### DATA SECTION

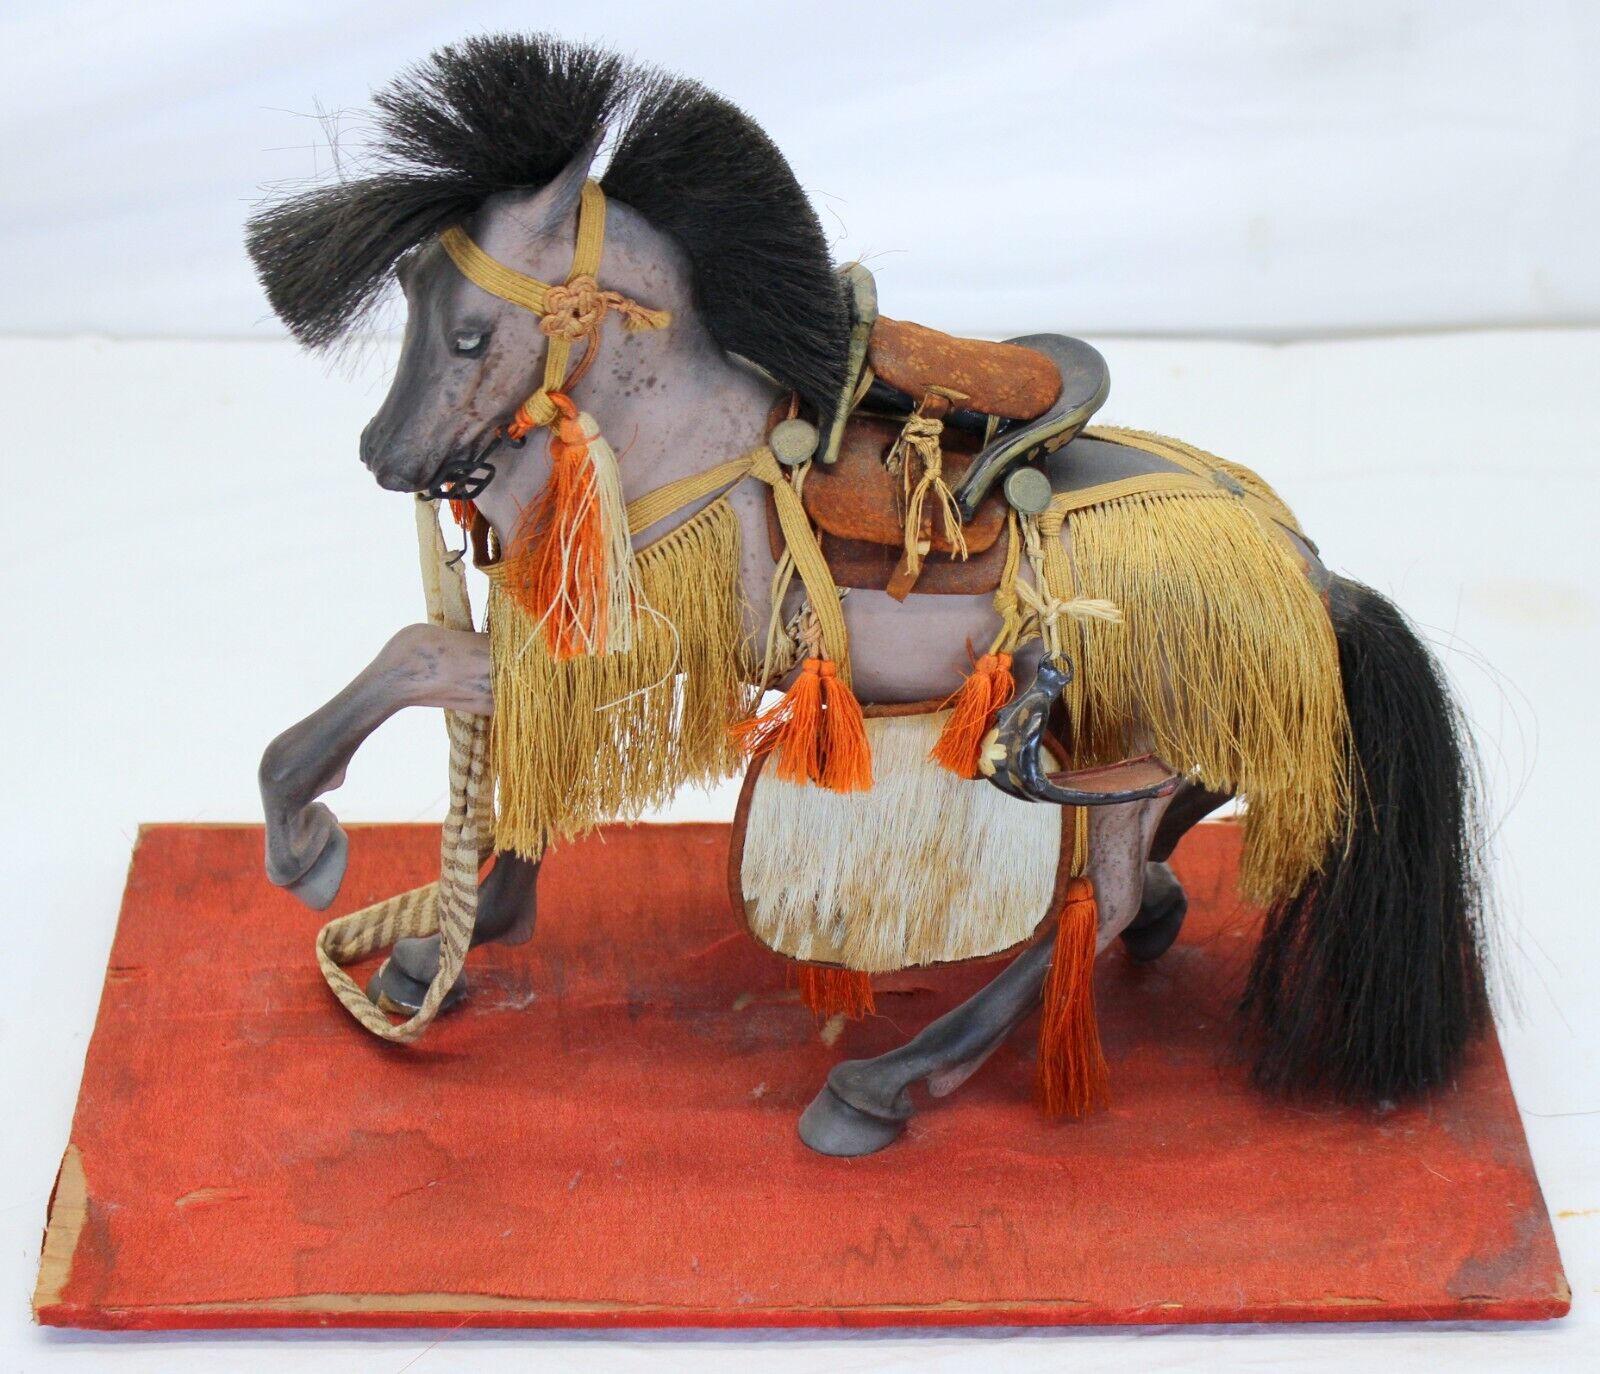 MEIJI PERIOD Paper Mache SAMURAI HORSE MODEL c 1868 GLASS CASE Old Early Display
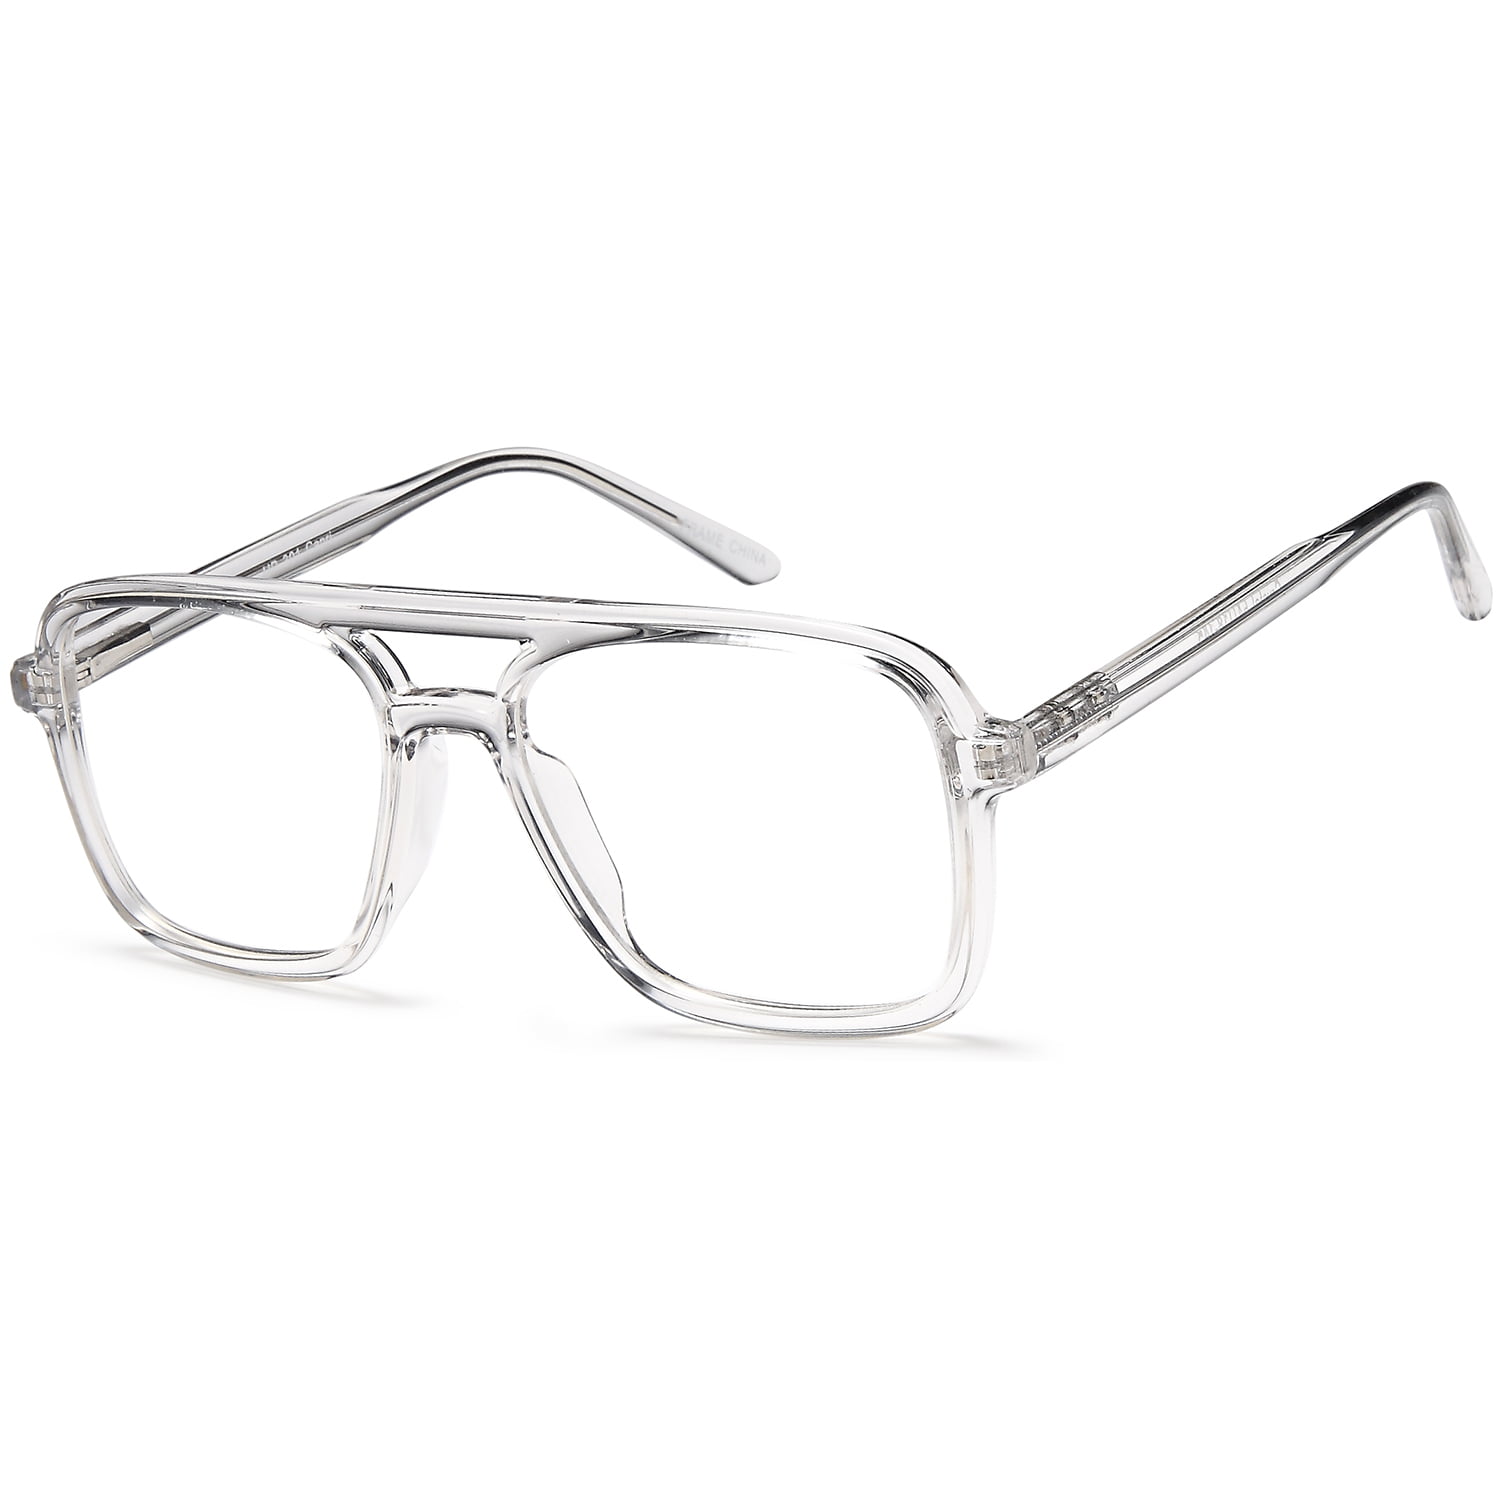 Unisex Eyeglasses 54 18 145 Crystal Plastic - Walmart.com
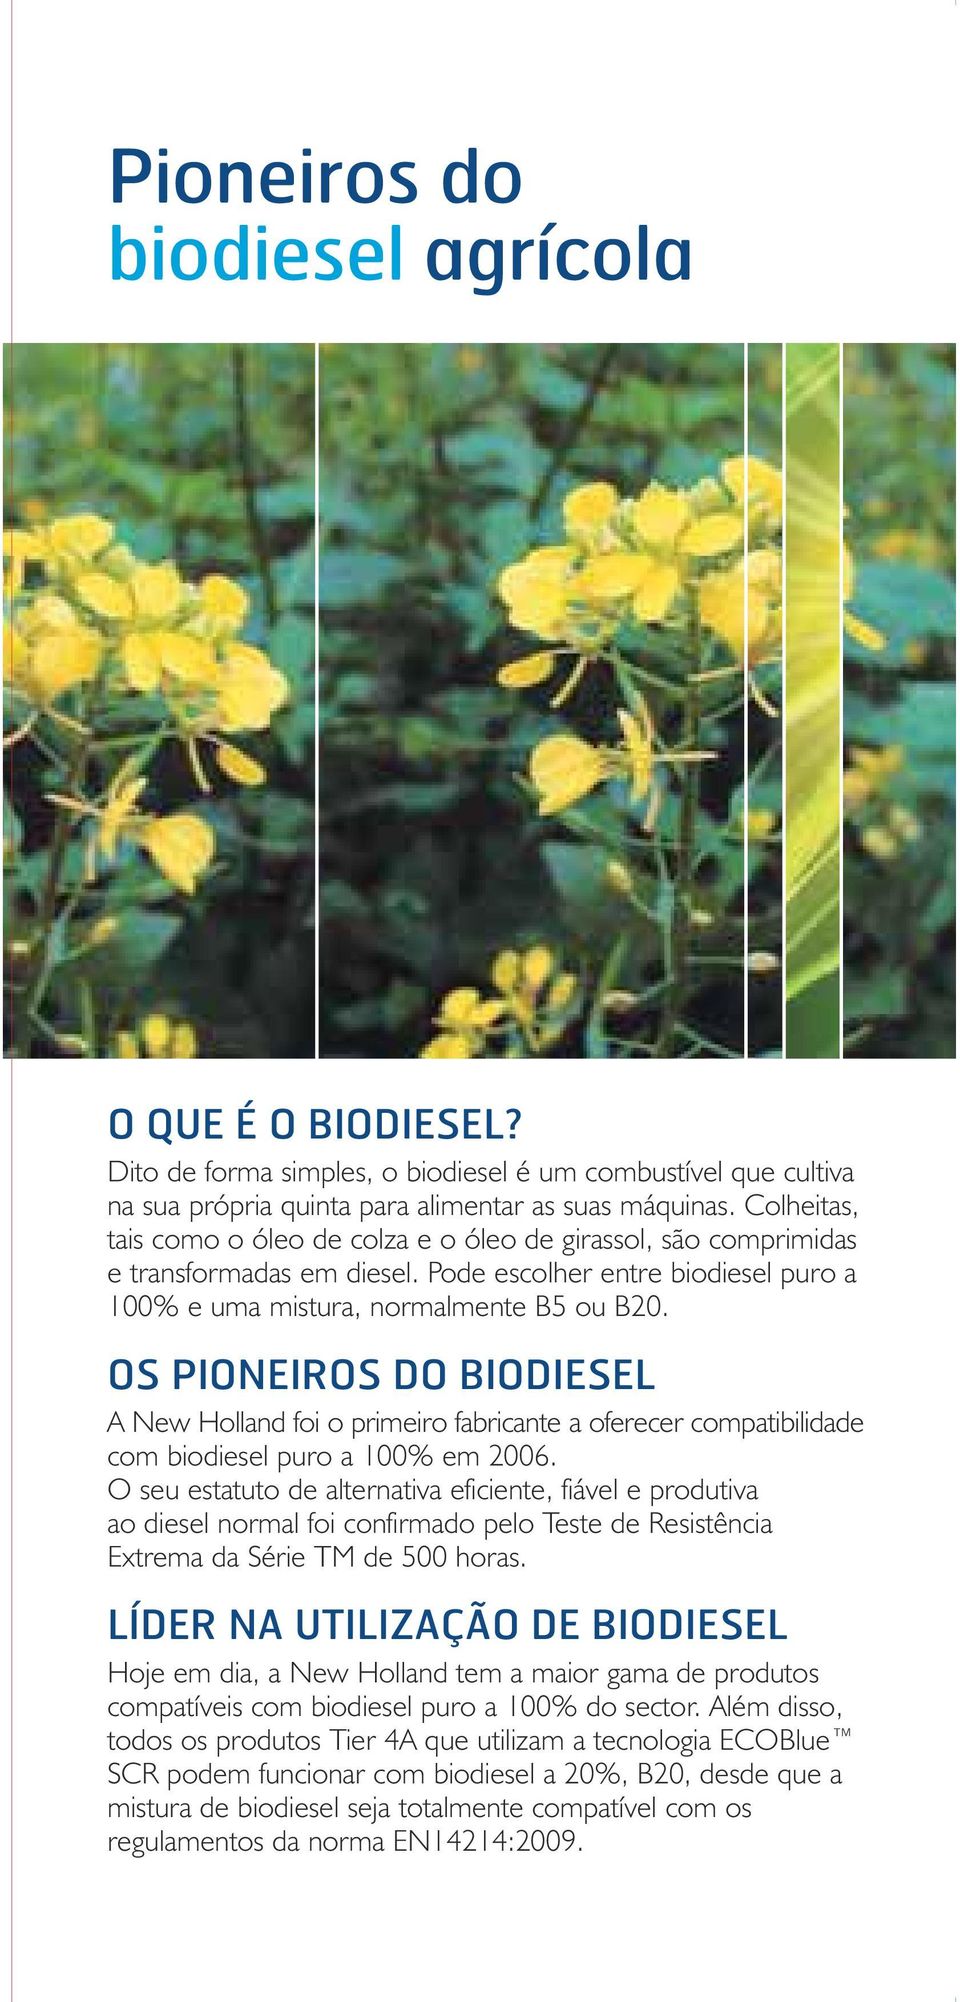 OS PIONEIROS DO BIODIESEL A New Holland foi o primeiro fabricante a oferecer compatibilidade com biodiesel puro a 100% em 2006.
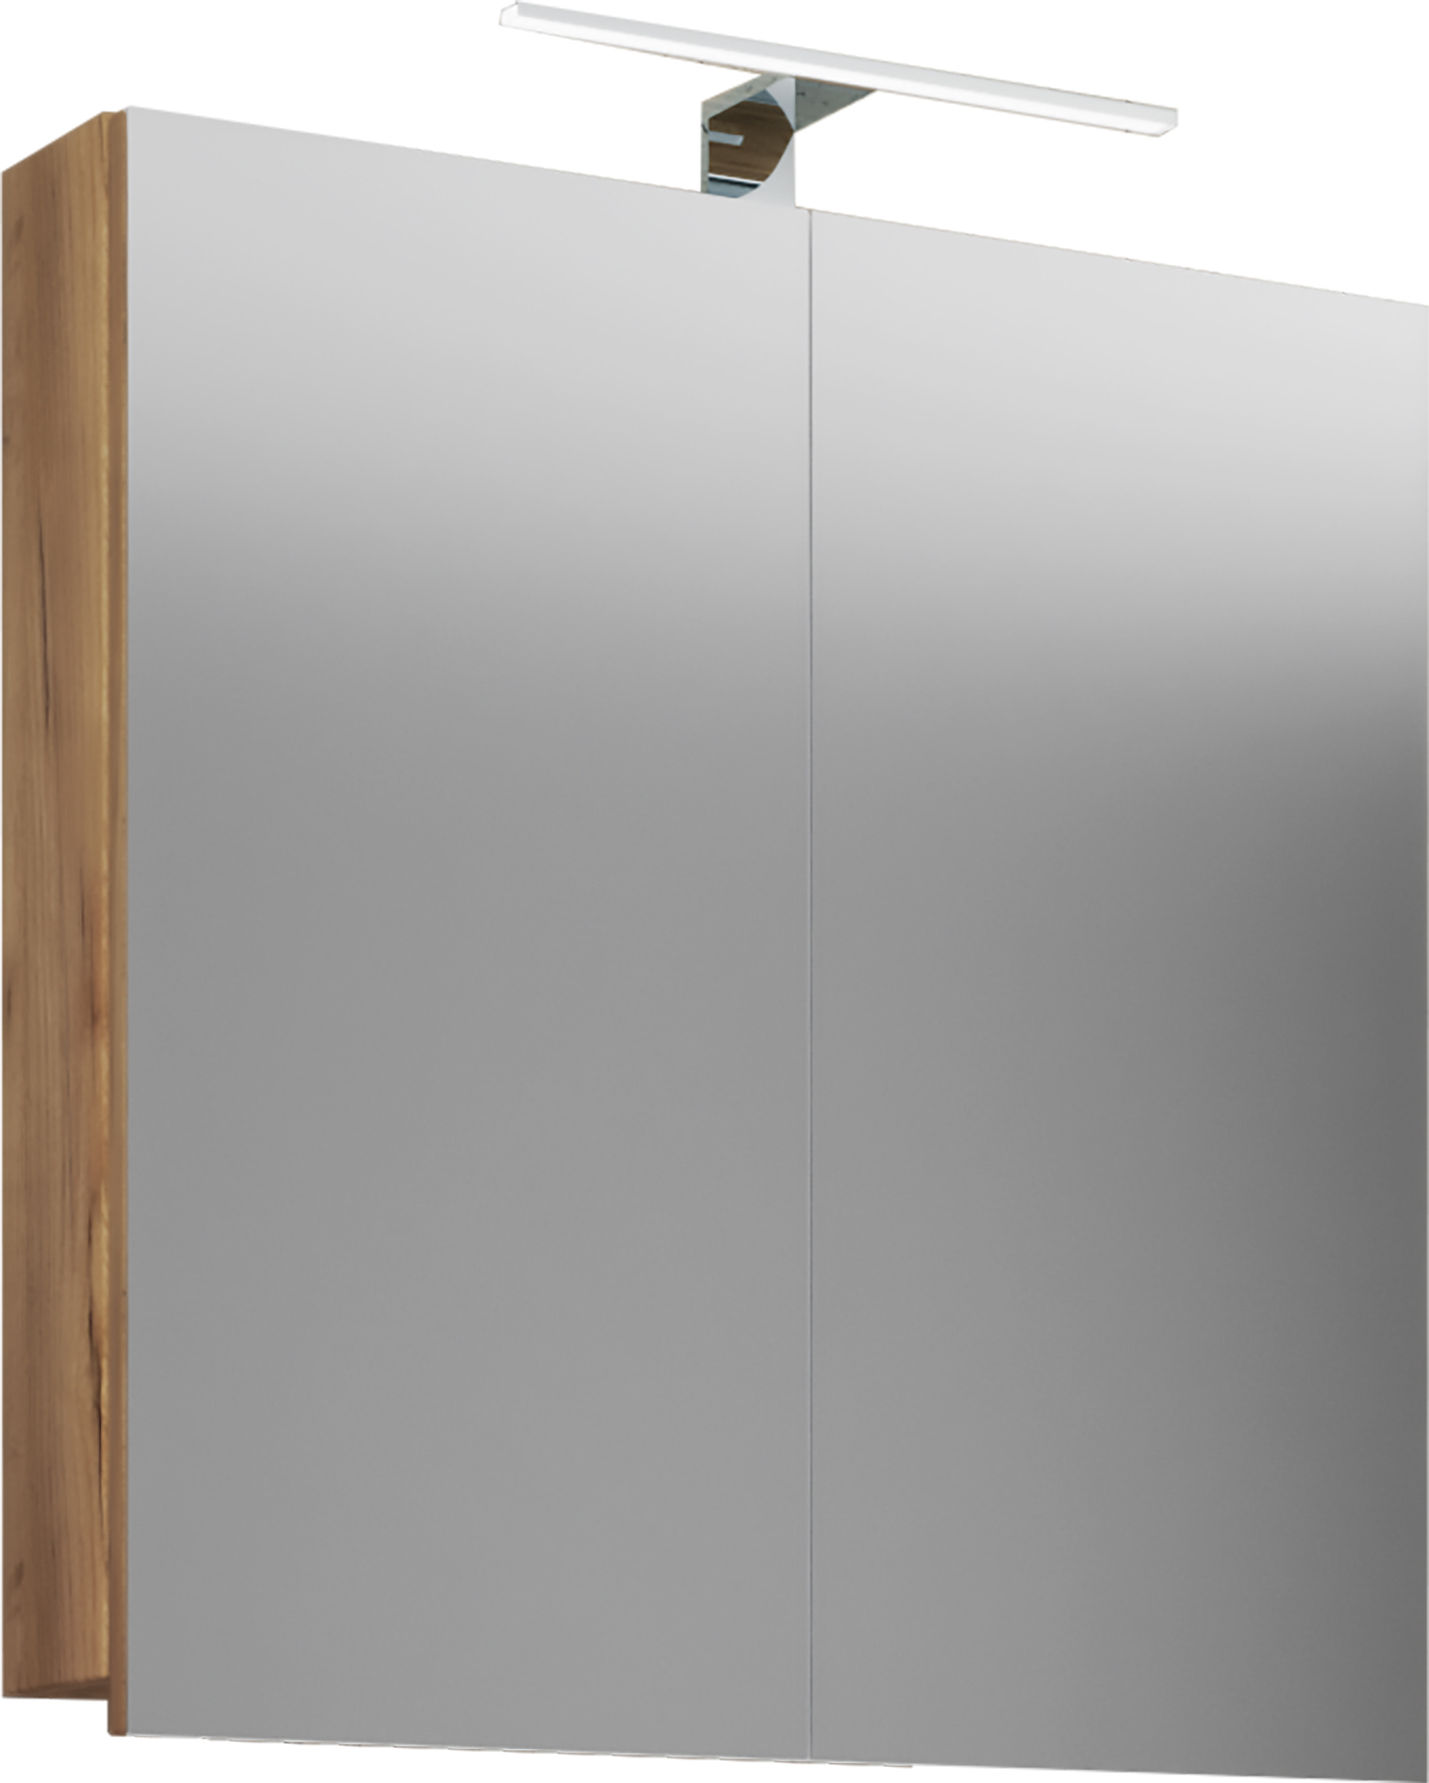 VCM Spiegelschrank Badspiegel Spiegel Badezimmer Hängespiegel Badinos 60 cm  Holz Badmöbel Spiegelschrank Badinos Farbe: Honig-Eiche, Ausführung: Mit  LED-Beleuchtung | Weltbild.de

### WORK INSTRUCTION
Your reply should restate the data above word for word and contain no pictures.

### WRITTEN RESPONSE
 MEIJI PERIOD Paper Mache SAMURAI HORSE MODEL c 1868 GLASS CASE Old Early Display
 Unisex Eyeglasses 54 18 145 Crystal Plastic - Walmart.com
 OS PIONEIROS DO BIODIESEL A New Holland foi o primeiro fabricante a oferecer compatibilidade com biodiesel puro a 100% em 2006.
 VCM Spiegelschrank Badspiegel Spiegel Badezimmer Hängespiegel Badinos 60 cm  Holz Badmöbel Spiegelschrank Badinos Farbe: Honig-Eiche, Ausführung: Mit  LED-Beleuchtung | Weltbild.de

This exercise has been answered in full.